On the suggested references: [1] primarily evaluates large language models, while [3] and [4] focus explicitly on satellite images, and therefore Poly2Vec does not directly apply. Nevertheless, the broader trend in foundation and large language models emphasizes multimodal data integration. [2] exemplifies this integration, combining both images and geographical coordinates; however, its focus appears more oriented toward geographic positioning rather than the locations, topology, or spatial relationships that Poly2Vec exploits. Poly2Vec could be integrated into [2] to replace/complement its location encoder, to support more sophisticated downstream tasks. Similarly, [1], [3], and [4] can benefit from Poly2Vec if they can be extended to incorporate supplementary vector data inputs.

Reviewer (paraphrased): Benchmark datasets too narrow in scope. … broader claim of relevance to an end-to-end Geospatial workflow is not sufficiently tested over OSM data with two cities. Need experiments on larger, more recent workflows.

Authors: The two cities, New York City and Singapore, have significant differences in building structures, spatial layout, and data density (as visualized in Link1). New York City has a large, diverse urban environment with varied functional zones and more regular building shapes, while Singapore features a much higher population density, more data-sparse regions, and more irregularly shaped footprints [1]. Poly2Vec focuses on encoding vector data, which serves as the foundation for many geospatial applications. We believe that improving encoding vector data will facilitate a broader range of geospatial tasks.

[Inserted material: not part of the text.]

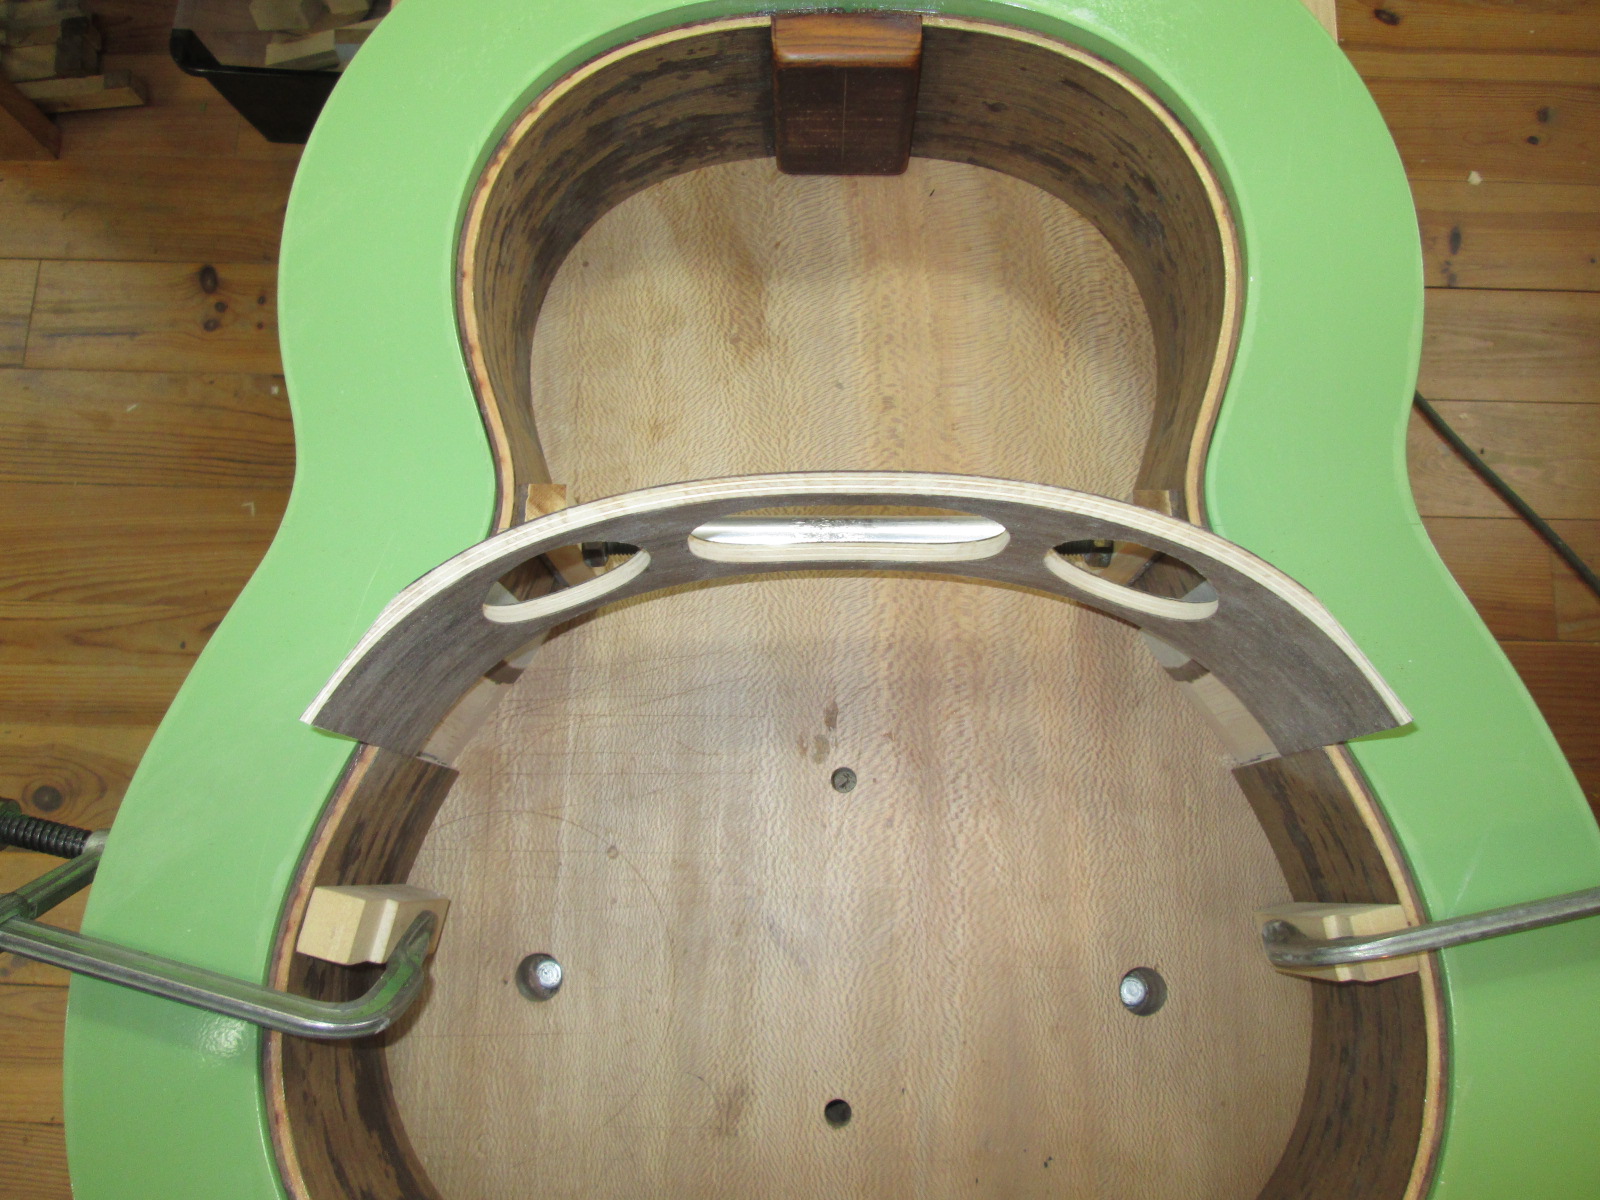 View of the ultra-precise integration step of the diaphragm during the construction of the body of the guitar "La Lenvers".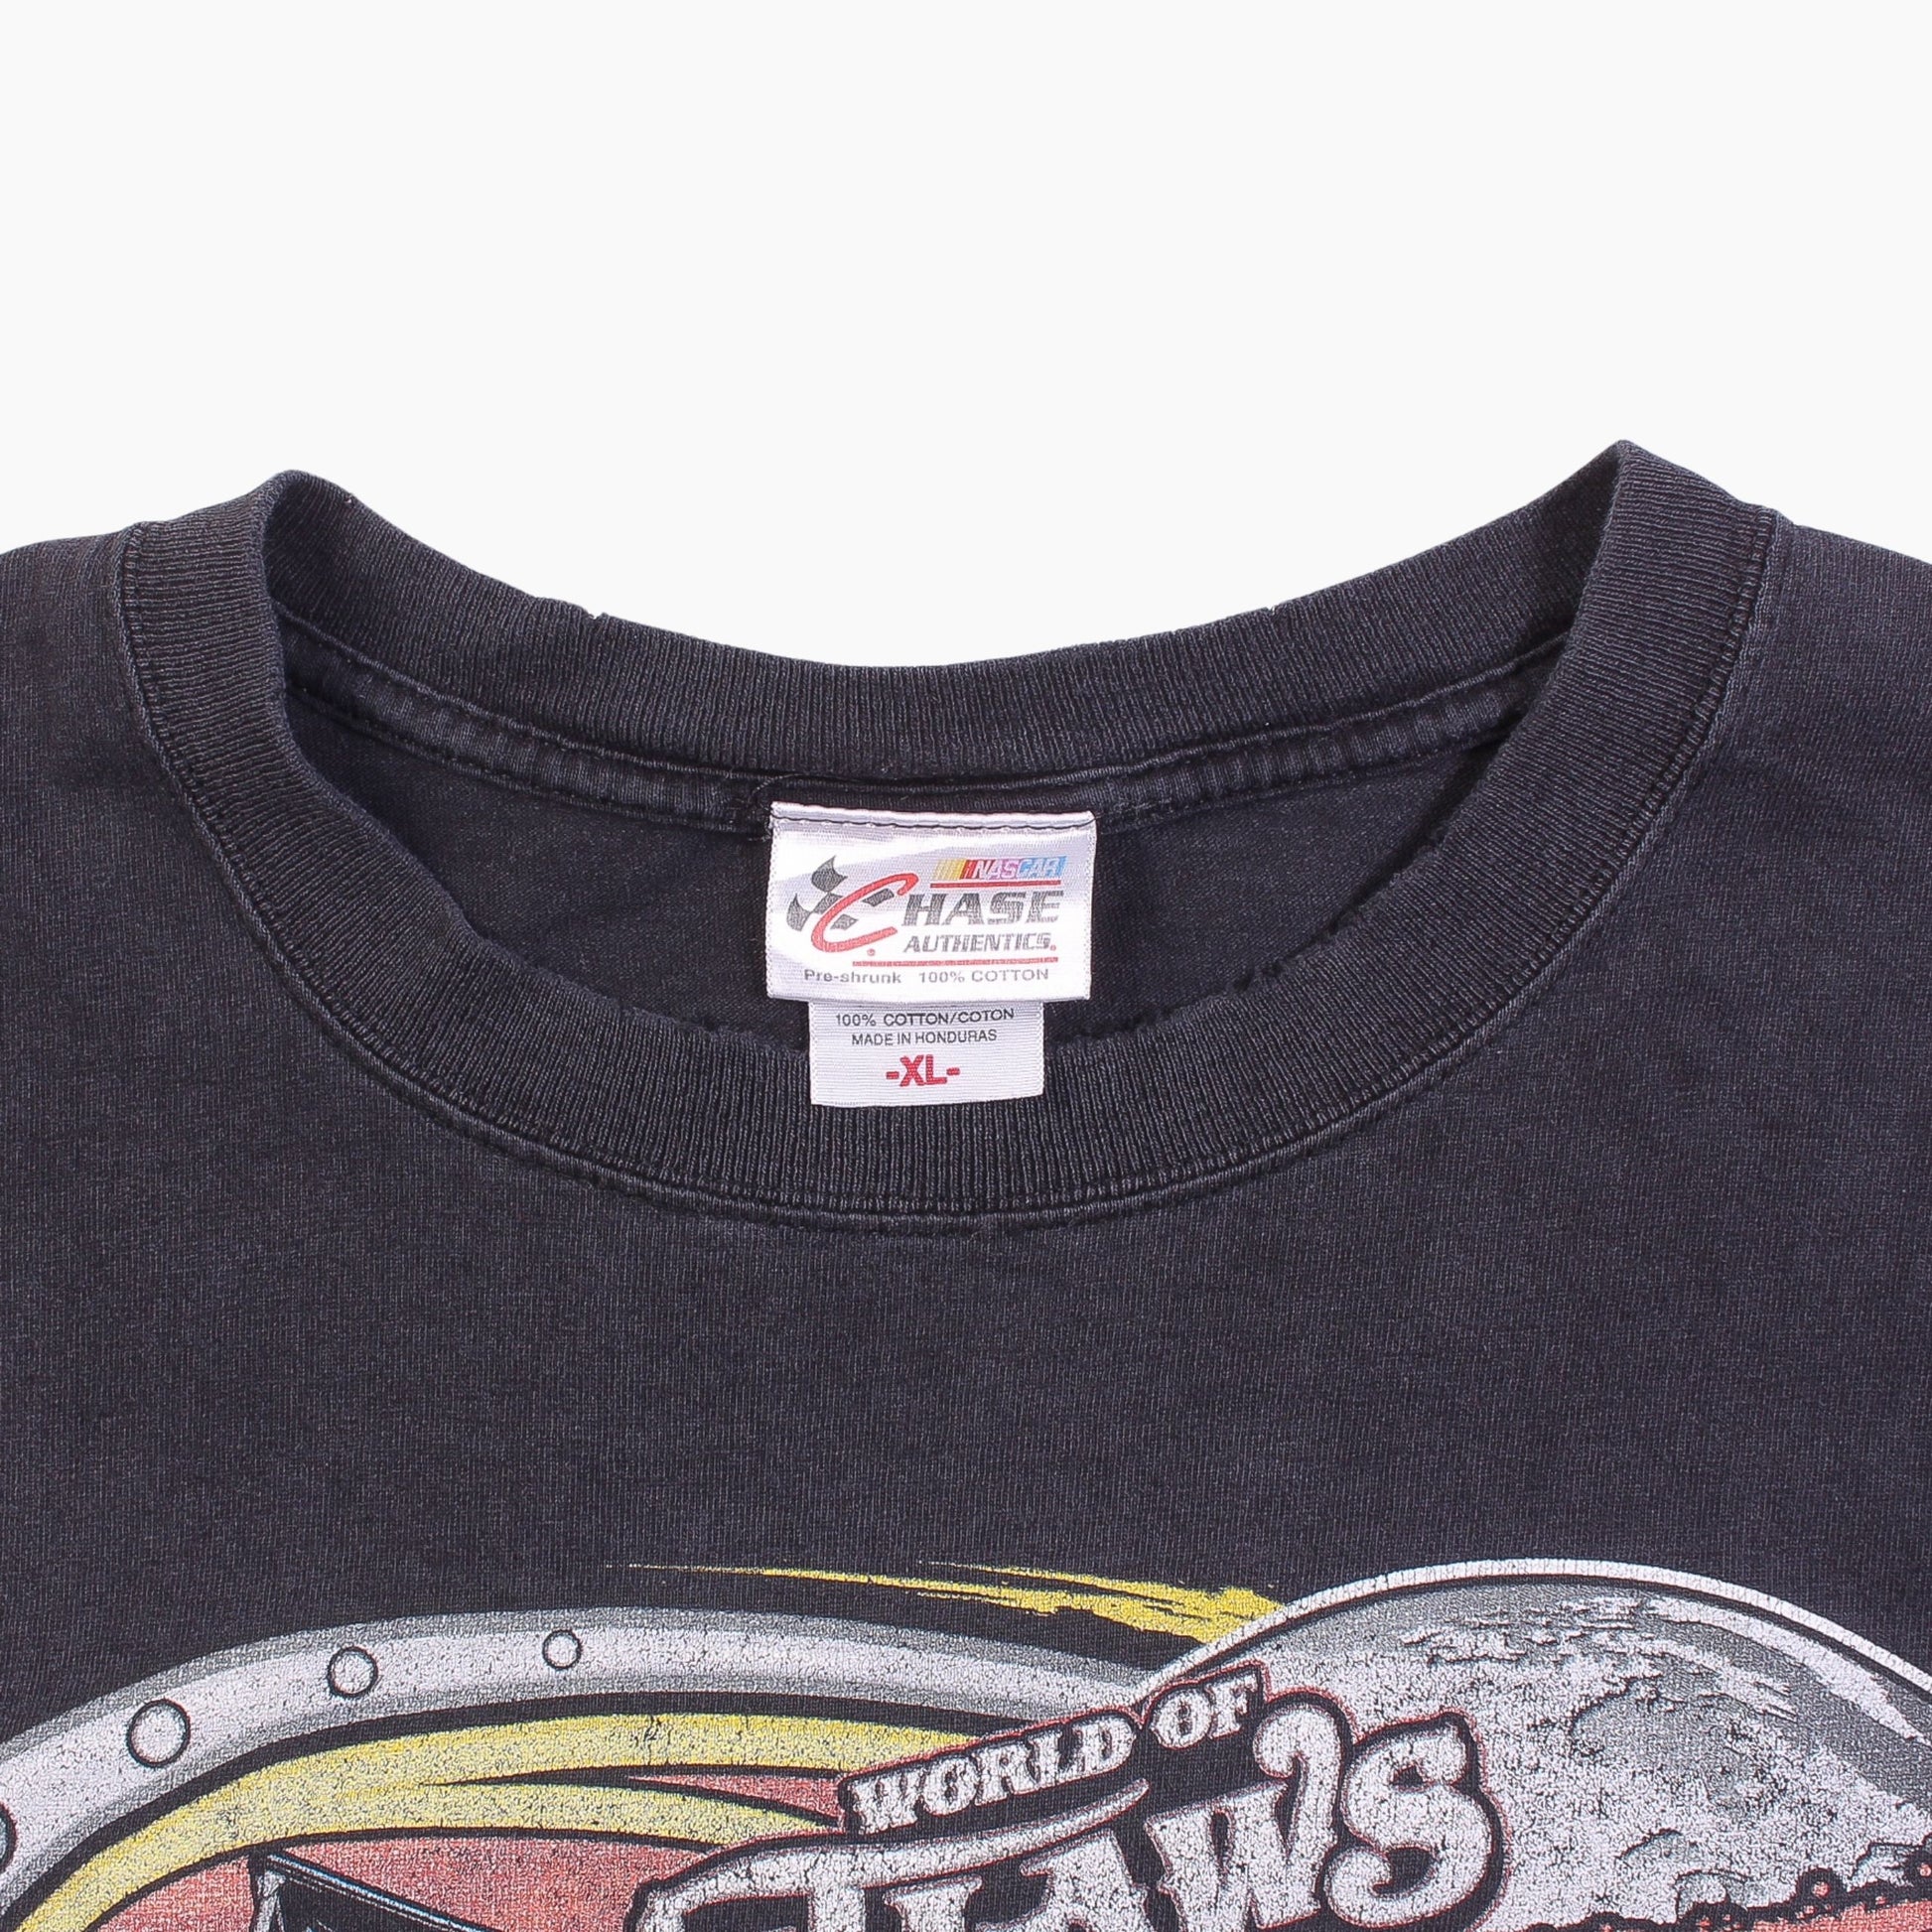 Vintage 'Outlaw's World Finals' T-Shirt - American Madness

[1] Urban Region Representation Learning with OpenStreetMap Building Footprints, ACM SIGKDD 2023

Reviewer (paraphrased): Linear probing embeddings from satellite image foundation models for distance or topological details of shapes in the image can yield the same accuracies? … demonstrate the value of Poly2Vec’s embeddings in improving the embeddings of geospatial image foundation models.

Authors: Similar to the first point. On the one hand, satellite image foundation models cannot apply to our settings since we focus on vector data. On the other hand, if a geospatial image foundation model can take vector data as input, so as to inject the spatial information into the embedding, we believe Poly2Vec can be a good choice to encode the coordinates.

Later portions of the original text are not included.